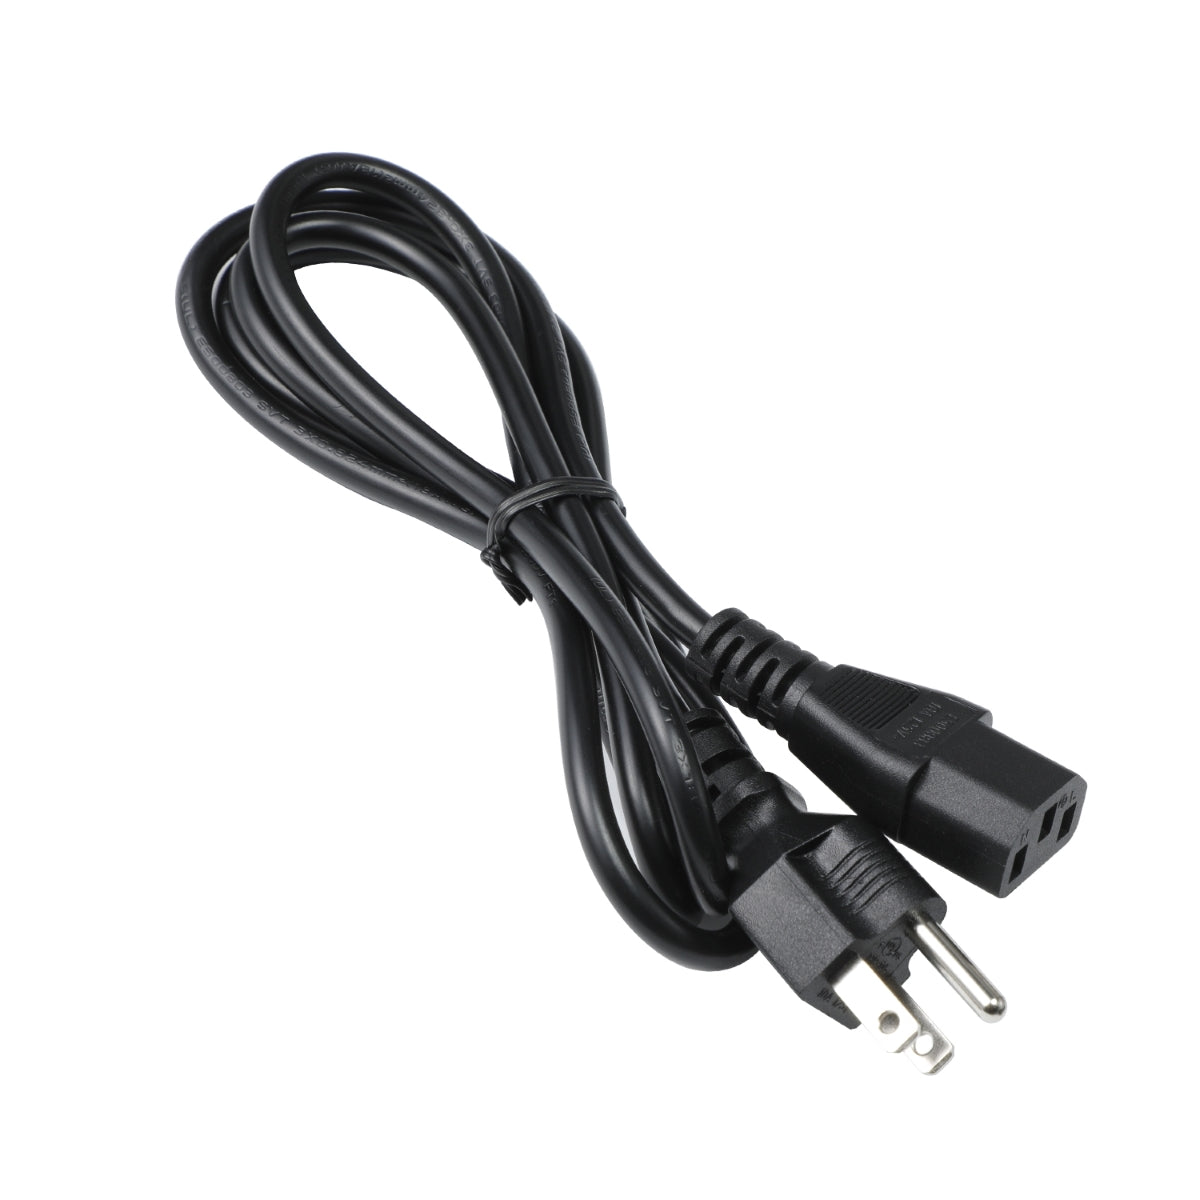 Power Cable for Philips 273V5LHSB/27 Monitor.
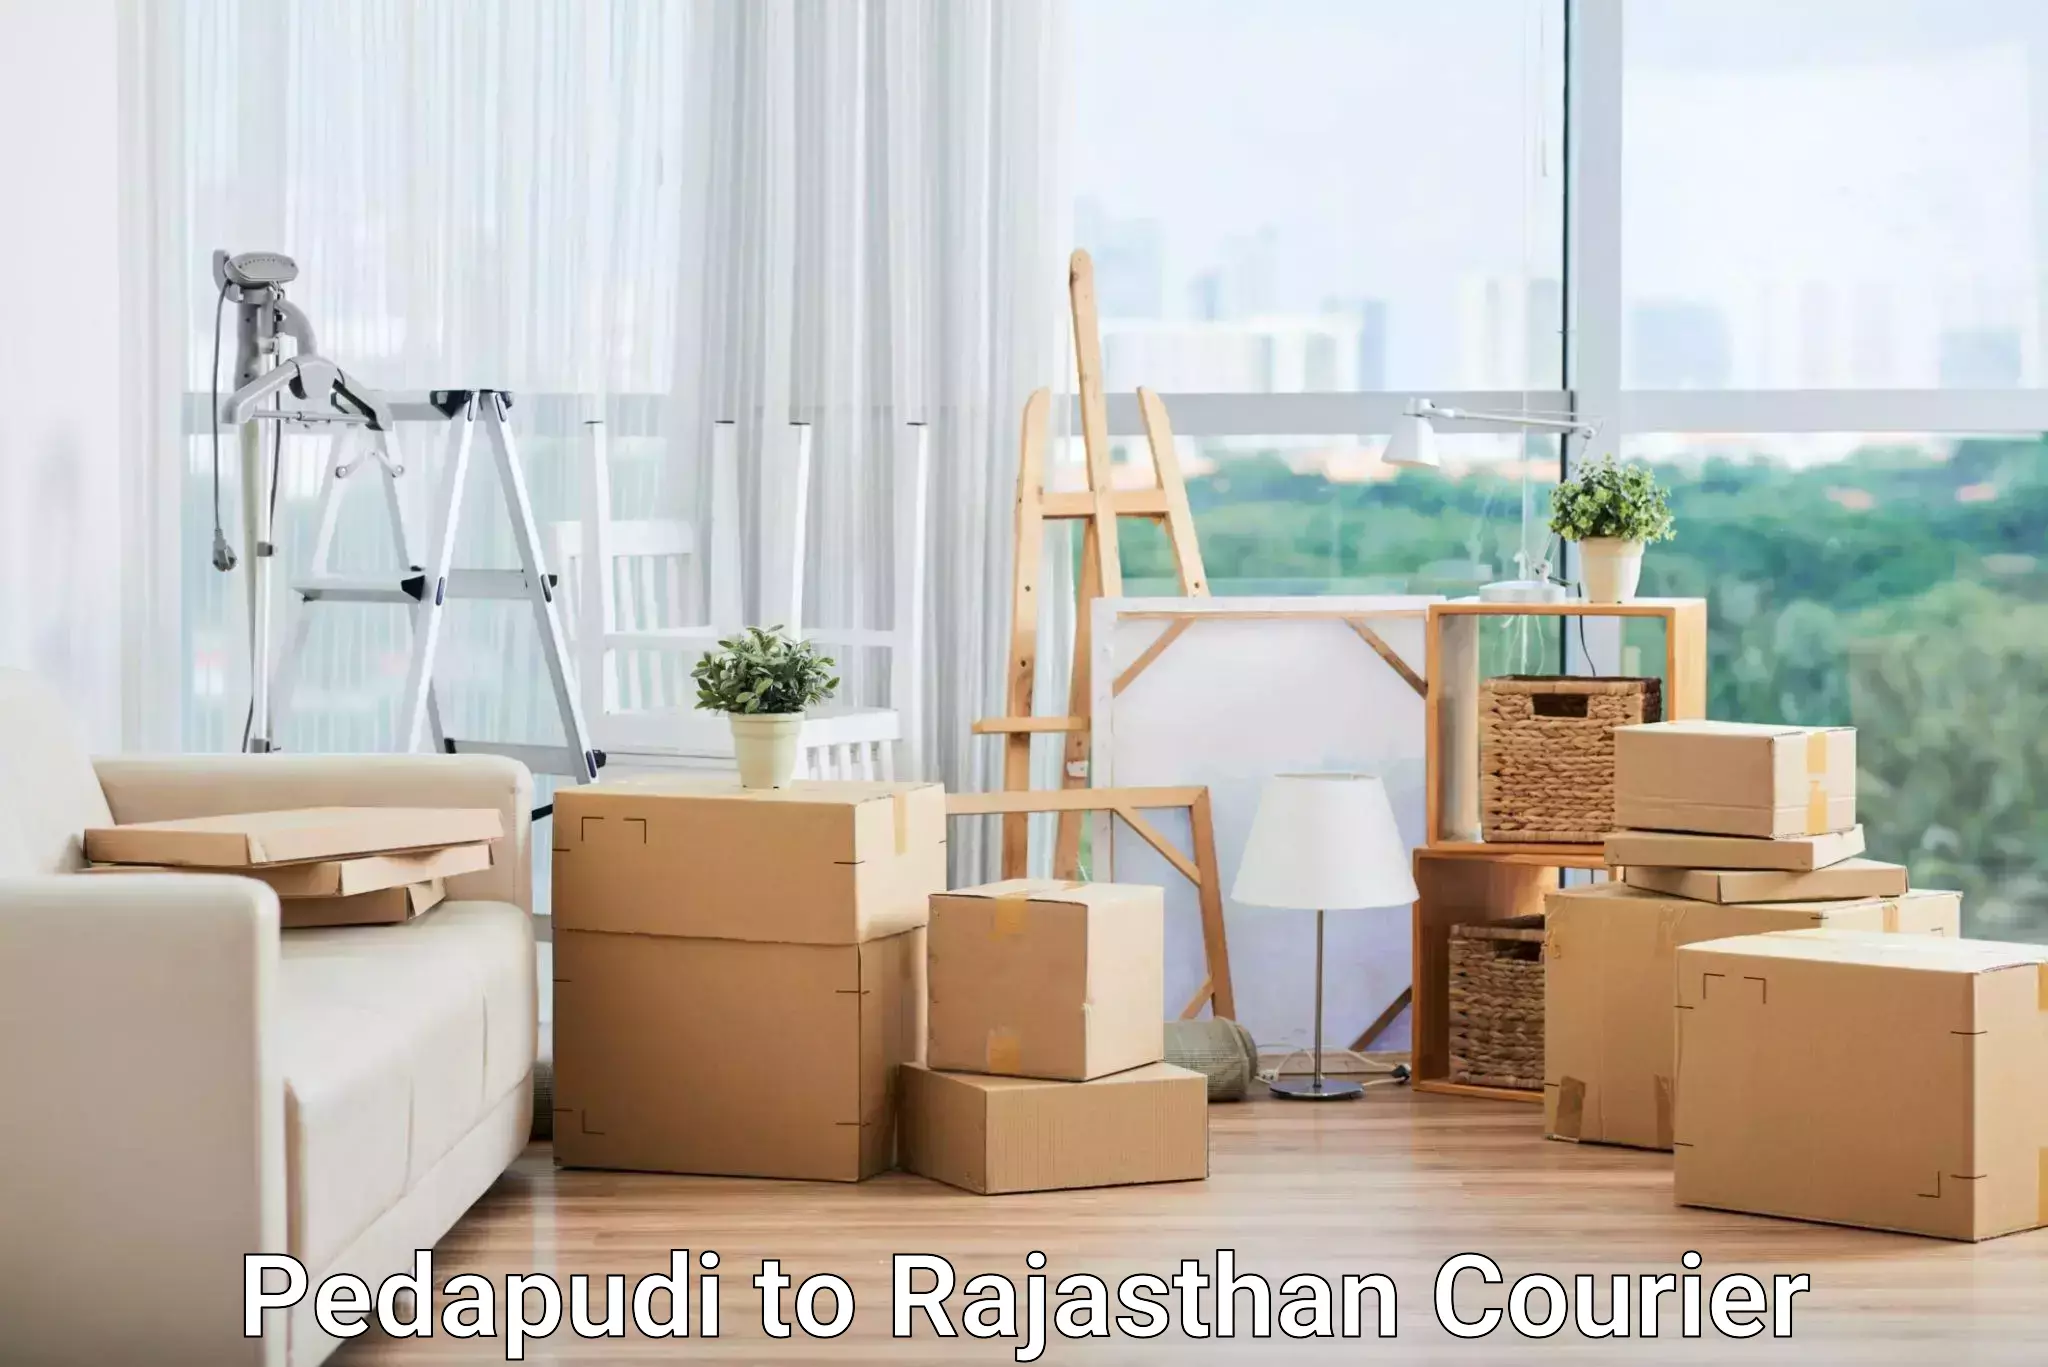 High-priority parcel service Pedapudi to Rajasthan
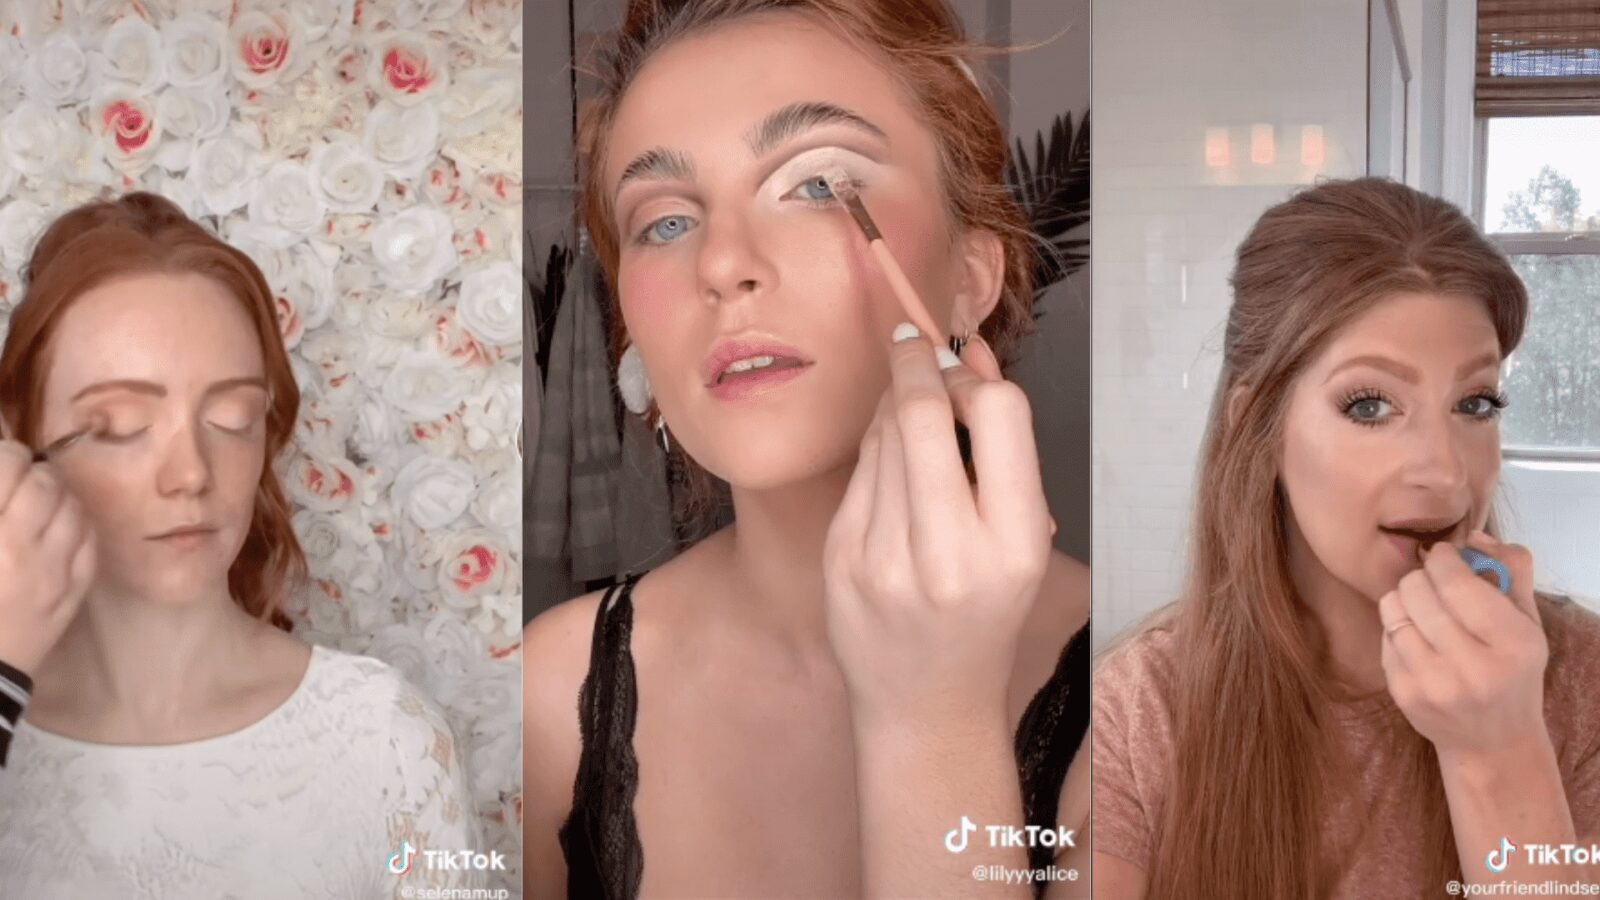 5 Glam Redhead Makeup Tutorials For a Wedding or Special Event

> _Aim of the exercise_
Please copy the data shown above word for word, omitting the pictures.

> _Answer space_
 Power Cable for Philips 273V5LHSB/27 Monitor.
 High-priority parcel service Pedapudi to Rajasthan
 5 Glam Redhead Makeup Tutorials For a Wedding or Special Event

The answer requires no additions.